Please repeat the lines below, exactly and only, from the one that holds "United Colors Of" through the one that holds "Kalksandstein 2/ Mutationen".

> [The data]:
****************************************
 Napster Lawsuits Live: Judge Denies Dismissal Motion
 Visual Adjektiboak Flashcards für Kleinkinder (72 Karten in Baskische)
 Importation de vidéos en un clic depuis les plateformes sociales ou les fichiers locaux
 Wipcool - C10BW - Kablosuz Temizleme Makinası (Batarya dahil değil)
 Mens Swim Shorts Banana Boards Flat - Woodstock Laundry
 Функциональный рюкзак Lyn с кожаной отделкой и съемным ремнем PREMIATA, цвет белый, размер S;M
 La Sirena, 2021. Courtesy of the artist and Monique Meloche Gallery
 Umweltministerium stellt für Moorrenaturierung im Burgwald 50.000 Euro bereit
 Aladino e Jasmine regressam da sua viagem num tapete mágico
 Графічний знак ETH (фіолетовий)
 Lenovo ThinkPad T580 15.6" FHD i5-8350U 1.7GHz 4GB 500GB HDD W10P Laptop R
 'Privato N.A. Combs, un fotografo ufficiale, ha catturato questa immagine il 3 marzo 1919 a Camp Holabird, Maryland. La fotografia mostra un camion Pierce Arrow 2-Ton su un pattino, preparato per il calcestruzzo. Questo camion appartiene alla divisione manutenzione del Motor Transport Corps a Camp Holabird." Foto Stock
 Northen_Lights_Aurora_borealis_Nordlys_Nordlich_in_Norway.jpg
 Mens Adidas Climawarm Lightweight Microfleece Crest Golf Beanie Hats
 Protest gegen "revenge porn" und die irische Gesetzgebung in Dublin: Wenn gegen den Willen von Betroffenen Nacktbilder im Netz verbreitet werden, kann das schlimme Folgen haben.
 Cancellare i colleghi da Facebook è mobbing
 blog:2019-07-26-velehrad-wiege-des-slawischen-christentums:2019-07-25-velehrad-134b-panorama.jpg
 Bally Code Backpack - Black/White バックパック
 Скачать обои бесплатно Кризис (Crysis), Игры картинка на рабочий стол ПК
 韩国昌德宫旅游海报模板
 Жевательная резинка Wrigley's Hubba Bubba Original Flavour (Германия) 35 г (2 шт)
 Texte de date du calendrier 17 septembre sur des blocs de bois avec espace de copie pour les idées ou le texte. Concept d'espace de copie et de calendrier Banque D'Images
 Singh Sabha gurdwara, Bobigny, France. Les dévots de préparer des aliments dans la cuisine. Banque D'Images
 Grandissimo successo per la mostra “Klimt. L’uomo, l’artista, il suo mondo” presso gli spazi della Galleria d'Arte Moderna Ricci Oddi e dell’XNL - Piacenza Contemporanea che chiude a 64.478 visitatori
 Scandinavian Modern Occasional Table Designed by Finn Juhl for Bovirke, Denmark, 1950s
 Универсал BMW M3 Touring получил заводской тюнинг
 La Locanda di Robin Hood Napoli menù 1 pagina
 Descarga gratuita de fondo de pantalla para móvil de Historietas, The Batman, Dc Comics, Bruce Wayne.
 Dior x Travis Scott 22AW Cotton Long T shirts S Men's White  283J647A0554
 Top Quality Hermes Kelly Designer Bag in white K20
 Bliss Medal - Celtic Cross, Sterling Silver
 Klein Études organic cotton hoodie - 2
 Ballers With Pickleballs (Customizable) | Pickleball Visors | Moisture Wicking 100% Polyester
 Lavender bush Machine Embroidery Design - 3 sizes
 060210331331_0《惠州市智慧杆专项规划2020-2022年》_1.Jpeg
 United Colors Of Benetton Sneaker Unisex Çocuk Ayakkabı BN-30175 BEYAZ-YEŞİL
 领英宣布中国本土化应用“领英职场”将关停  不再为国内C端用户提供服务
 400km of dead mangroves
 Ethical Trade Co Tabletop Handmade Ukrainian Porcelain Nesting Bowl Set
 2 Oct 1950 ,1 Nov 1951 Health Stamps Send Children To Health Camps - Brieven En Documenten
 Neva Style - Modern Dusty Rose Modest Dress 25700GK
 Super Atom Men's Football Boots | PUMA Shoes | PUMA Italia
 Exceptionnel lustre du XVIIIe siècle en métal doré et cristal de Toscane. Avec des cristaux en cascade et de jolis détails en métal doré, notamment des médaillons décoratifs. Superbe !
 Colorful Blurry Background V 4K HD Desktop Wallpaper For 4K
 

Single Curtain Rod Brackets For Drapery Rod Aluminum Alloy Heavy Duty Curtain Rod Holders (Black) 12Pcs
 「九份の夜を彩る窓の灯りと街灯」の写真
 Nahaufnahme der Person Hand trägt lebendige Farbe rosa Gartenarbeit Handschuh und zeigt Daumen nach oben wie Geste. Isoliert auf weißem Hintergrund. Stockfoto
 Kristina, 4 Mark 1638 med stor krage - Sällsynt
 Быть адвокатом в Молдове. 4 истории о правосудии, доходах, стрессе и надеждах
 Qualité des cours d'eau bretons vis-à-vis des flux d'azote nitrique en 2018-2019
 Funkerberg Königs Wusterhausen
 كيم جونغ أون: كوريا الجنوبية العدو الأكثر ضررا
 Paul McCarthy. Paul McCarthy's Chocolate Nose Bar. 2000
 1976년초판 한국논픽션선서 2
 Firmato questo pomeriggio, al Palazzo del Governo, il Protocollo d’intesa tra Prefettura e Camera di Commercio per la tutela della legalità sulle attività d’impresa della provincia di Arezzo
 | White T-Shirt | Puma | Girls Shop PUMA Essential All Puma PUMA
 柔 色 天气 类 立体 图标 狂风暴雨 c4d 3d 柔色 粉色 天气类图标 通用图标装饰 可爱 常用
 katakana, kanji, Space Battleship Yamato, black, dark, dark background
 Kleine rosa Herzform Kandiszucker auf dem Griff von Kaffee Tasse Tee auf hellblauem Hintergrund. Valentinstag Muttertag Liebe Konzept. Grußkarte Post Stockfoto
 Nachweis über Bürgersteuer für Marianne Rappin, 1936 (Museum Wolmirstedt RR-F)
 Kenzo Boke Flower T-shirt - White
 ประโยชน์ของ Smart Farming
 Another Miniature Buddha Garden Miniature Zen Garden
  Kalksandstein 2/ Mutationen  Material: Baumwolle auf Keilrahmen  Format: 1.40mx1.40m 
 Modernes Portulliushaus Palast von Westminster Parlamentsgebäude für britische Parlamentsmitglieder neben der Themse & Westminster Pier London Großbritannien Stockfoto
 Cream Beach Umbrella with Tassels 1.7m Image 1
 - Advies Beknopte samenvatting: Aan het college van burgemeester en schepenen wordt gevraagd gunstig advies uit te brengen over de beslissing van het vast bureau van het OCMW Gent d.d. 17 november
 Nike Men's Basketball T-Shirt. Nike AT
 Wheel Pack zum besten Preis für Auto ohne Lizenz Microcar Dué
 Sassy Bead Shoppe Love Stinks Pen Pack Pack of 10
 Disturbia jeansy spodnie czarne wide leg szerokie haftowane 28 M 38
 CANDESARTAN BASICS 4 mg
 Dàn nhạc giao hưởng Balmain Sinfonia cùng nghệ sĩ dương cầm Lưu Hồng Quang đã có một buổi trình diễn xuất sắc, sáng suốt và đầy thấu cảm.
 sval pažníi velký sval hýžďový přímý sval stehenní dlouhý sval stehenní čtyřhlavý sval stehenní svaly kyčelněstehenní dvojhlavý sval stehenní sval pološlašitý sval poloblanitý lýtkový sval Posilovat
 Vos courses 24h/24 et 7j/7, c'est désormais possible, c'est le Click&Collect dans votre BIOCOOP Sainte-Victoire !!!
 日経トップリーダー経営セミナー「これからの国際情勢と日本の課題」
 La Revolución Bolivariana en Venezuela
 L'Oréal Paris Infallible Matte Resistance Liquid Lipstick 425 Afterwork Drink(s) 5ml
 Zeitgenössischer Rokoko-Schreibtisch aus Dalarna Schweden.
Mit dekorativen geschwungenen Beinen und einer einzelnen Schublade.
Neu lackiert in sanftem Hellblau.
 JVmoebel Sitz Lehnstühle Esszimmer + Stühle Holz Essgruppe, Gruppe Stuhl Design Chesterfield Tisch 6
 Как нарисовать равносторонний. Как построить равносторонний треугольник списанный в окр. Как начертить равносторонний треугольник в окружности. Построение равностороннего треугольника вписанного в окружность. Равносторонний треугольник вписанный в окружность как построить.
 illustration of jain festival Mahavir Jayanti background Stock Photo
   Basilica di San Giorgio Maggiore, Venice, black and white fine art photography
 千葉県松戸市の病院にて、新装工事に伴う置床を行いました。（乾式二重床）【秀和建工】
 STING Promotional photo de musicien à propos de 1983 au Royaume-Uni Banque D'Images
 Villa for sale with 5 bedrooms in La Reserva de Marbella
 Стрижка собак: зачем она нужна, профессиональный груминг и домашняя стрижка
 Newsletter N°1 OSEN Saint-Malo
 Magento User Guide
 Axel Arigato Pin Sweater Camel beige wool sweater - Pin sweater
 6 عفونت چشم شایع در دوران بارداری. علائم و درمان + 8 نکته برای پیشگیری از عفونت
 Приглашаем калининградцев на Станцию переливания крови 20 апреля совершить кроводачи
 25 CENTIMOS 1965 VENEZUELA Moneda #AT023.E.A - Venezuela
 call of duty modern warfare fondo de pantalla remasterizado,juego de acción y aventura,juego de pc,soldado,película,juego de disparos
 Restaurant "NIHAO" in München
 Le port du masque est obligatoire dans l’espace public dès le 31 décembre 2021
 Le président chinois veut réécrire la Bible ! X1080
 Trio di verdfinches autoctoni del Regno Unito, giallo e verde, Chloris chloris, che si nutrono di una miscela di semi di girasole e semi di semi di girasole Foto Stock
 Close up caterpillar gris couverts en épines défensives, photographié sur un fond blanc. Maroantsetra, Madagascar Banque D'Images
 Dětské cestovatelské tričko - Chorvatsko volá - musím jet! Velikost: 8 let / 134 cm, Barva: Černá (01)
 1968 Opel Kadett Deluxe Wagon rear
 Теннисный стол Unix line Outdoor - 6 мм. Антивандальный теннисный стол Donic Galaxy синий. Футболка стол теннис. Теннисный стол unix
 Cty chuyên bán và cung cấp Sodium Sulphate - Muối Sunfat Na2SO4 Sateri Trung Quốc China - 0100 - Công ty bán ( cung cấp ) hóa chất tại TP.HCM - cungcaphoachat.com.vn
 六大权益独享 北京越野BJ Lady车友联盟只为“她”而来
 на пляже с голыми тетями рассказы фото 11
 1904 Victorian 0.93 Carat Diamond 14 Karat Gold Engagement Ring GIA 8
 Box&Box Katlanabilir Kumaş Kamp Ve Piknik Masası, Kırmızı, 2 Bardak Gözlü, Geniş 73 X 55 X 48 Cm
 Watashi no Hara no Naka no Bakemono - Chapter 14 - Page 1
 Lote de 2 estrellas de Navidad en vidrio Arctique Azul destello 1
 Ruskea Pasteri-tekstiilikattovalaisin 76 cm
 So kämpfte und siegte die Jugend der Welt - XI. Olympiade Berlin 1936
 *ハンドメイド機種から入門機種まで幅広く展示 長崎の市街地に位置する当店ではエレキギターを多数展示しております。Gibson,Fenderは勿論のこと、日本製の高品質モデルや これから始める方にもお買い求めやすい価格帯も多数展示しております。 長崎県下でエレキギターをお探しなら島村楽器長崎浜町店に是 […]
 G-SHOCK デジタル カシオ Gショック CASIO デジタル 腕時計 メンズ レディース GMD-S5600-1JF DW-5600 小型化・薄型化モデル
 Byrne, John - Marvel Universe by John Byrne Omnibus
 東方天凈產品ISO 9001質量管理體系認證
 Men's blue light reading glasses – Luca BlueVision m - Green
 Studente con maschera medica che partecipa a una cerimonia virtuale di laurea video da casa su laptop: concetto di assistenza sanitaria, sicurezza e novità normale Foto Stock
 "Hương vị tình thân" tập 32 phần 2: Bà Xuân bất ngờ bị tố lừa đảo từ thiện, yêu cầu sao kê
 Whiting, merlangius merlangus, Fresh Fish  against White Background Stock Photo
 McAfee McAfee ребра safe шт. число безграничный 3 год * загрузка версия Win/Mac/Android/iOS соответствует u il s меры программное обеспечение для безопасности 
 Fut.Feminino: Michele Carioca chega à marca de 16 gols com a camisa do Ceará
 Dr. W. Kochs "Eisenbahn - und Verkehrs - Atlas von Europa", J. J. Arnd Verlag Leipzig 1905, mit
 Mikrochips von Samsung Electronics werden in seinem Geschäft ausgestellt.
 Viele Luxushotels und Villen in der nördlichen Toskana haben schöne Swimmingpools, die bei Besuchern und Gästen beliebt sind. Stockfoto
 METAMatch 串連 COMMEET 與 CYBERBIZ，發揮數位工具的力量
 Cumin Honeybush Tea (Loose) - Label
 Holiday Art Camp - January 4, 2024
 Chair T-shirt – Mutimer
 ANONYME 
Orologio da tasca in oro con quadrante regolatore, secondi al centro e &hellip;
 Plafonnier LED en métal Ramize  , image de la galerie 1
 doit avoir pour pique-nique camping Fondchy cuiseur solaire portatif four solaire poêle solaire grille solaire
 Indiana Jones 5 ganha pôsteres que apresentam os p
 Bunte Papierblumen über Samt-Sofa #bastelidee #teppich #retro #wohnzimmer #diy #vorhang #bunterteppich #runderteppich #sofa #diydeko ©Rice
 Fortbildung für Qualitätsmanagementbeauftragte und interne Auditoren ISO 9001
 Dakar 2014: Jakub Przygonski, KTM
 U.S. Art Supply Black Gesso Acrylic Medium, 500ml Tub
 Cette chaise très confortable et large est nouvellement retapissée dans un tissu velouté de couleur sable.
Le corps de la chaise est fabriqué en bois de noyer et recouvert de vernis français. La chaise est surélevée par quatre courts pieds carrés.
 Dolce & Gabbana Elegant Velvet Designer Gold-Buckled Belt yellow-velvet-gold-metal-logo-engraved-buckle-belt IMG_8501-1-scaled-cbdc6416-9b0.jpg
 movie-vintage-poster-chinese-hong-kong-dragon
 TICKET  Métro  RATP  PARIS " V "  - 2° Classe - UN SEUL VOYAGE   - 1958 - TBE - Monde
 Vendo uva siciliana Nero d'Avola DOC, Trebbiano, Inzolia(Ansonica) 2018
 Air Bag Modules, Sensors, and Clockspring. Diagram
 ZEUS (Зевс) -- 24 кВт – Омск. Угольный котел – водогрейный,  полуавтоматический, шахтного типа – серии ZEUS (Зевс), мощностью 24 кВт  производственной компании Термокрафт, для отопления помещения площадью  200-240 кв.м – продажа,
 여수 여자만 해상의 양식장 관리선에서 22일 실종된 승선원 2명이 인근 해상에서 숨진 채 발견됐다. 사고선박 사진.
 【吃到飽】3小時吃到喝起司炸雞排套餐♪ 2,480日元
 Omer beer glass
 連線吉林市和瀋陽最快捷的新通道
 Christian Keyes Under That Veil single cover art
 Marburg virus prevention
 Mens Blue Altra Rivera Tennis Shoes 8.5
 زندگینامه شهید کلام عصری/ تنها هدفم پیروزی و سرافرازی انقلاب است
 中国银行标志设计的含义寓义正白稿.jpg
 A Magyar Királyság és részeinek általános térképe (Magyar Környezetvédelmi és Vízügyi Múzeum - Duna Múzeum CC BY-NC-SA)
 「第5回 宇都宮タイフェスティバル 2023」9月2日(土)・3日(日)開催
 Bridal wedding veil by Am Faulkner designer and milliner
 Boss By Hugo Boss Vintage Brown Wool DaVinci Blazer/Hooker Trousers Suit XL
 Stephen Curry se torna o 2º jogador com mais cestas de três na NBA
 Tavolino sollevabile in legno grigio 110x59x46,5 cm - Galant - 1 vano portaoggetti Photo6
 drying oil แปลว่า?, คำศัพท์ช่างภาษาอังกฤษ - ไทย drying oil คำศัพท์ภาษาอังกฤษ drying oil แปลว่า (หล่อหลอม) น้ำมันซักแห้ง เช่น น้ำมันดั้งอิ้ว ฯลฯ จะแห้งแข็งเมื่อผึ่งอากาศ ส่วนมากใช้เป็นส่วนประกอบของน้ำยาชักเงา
****************************************
> [Solved exercise]:
 United Colors Of Benetton Sneaker Unisex Çocuk Ayakkabı BN-30175 BEYAZ-YEŞİL
 领英宣布中国本土化应用“领英职场”将关停  不再为国内C端用户提供服务
 400km of dead mangroves
 Ethical Trade Co Tabletop Handmade Ukrainian Porcelain Nesting Bowl Set
 2 Oct 1950 ,1 Nov 1951 Health Stamps Send Children To Health Camps - Brieven En Documenten
 Neva Style - Modern Dusty Rose Modest Dress 25700GK
 Super Atom Men's Football Boots | PUMA Shoes | PUMA Italia
 Exceptionnel lustre du XVIIIe siècle en métal doré et cristal de Toscane. Avec des cristaux en cascade et de jolis détails en métal doré, notamment des médaillons décoratifs. Superbe !
 Colorful Blurry Background V 4K HD Desktop Wallpaper For 4K
 

Single Curtain Rod Brackets For Drapery Rod Aluminum Alloy Heavy Duty Curtain Rod Holders (Black) 12Pcs
 「九份の夜を彩る窓の灯りと街灯」の写真
 Nahaufnahme der Person Hand trägt lebendige Farbe rosa Gartenarbeit Handschuh und zeigt Daumen nach oben wie Geste. Isoliert auf weißem Hintergrund. Stockfoto
 Kristina, 4 Mark 1638 med stor krage - Sällsynt
 Быть адвокатом в Молдове. 4 истории о правосудии, доходах, стрессе и надеждах
 Qualité des cours d'eau bretons vis-à-vis des flux d'azote nitrique en 2018-2019
 Funkerberg Königs Wusterhausen
 كيم جونغ أون: كوريا الجنوبية العدو الأكثر ضررا
 Paul McCarthy. Paul McCarthy's Chocolate Nose Bar. 2000
 1976년초판 한국논픽션선서 2
 Firmato questo pomeriggio, al Palazzo del Governo, il Protocollo d’intesa tra Prefettura e Camera di Commercio per la tutela della legalità sulle attività d’impresa della provincia di Arezzo
 | White T-Shirt | Puma | Girls Shop PUMA Essential All Puma PUMA
 柔 色 天气 类 立体 图标 狂风暴雨 c4d 3d 柔色 粉色 天气类图标 通用图标装饰 可爱 常用
 katakana, kanji, Space Battleship Yamato, black, dark, dark background
 Kleine rosa Herzform Kandiszucker auf dem Griff von Kaffee Tasse Tee auf hellblauem Hintergrund. Valentinstag Muttertag Liebe Konzept. Grußkarte Post Stockfoto
 Nachweis über Bürgersteuer für Marianne Rappin, 1936 (Museum Wolmirstedt RR-F)
 Kenzo Boke Flower T-shirt - White
 ประโยชน์ของ Smart Farming
 Another Miniature Buddha Garden Miniature Zen Garden
  Kalksandstein 2/ Mutationen  Material: Baumwolle auf Keilrahmen  Format: 1.40mx1.40m 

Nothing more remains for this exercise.